Painters have long struggled to capture the moving image, from the fictional artists in Balzac’s Le Chef-d’œuvre inconnu to the real-life art historical movements they foreshadowed—Cubism, Italian Futurism, etc. But arguably, it took the advent of digital video (and all its failures) to establish a vocabulary for painting to appropriate. The buffering livestream, artifacts from sloppy compression algorithms, and scrambled porn accidentally achieved what Picasso could not. For his part, Heydari was first inspired by the Iranian government’s attempts to censor satellite news coverage of the Green Movement protests in 2009, when interference was beamed into international transmissions to garble documentation of peaceful demonstrations and police brutality.
Today, the “objectivity” of photography has never been less trusted. Heydari’s paintings seem to autopsy the cadaver of images’ veracity—examining how those images are constructed, corrupted, and disseminated. Arguably one of his most disturbing works, Inside the Van, was a recent commission from a local collector he was almost hesitant to accept. The painting was inspired by the cellphone video of Freddie Gray’s fateful arrest. In 2015, Gray was apprehended in West Baltimore (not far from M.I.C.A., where Heydari was a student at the time) and died in police custody from injuries sustained while being driven to central booking. His death set off weeks of protests that plunged the city into chaos and eventual occupation by the National Guard. The ambiguous video became a talking point for both the Black Lives Matter movement and reactionary racists.
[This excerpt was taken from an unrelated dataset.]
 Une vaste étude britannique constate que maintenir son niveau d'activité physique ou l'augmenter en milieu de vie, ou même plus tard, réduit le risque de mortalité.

I ask Heydari if he had feared a backlash for painting such charged subject matter, similar to that which met Dana Shutz after her painting Open Casket (a now-infamous portrait of Emmett Till, a young African-American man lynched in 1955) was denounced as insensitive and exploitative. “Oh yes,” Heydari replies contemplatively, “I don’t think—coming from Iran, where people are just ‘Iranian’—I was prepared for this. I had to think, is it OK for me to paint this color of skin?”
The result is a painting that skirts direct representation. The silhouettes of the two police officers are more or less legible, but the space where Gray would be is a jumble of forms that reference compression artifacts, like a video that has been downsized and enlarged or translated to a different format too many times until the protagonist is rendered a trail of pixels in a blown-up thumbnail. There’s a palpable sense of violence to the painting, but one that speaks of absence—and the visceral effects of that absence. It is not a painting about Freddie Gray, but perhaps a painting about the fact that Gray could not be there to give context or consent to his own representation.
The culture wars have become so bitter—and images so weaponized—it’s impossible to avoid friendly fire. If Guernica was painted in a time where moral certitude was the norm, Heydari’s self-censoring work might stand as a monument to our era’s terrifying uncertainty.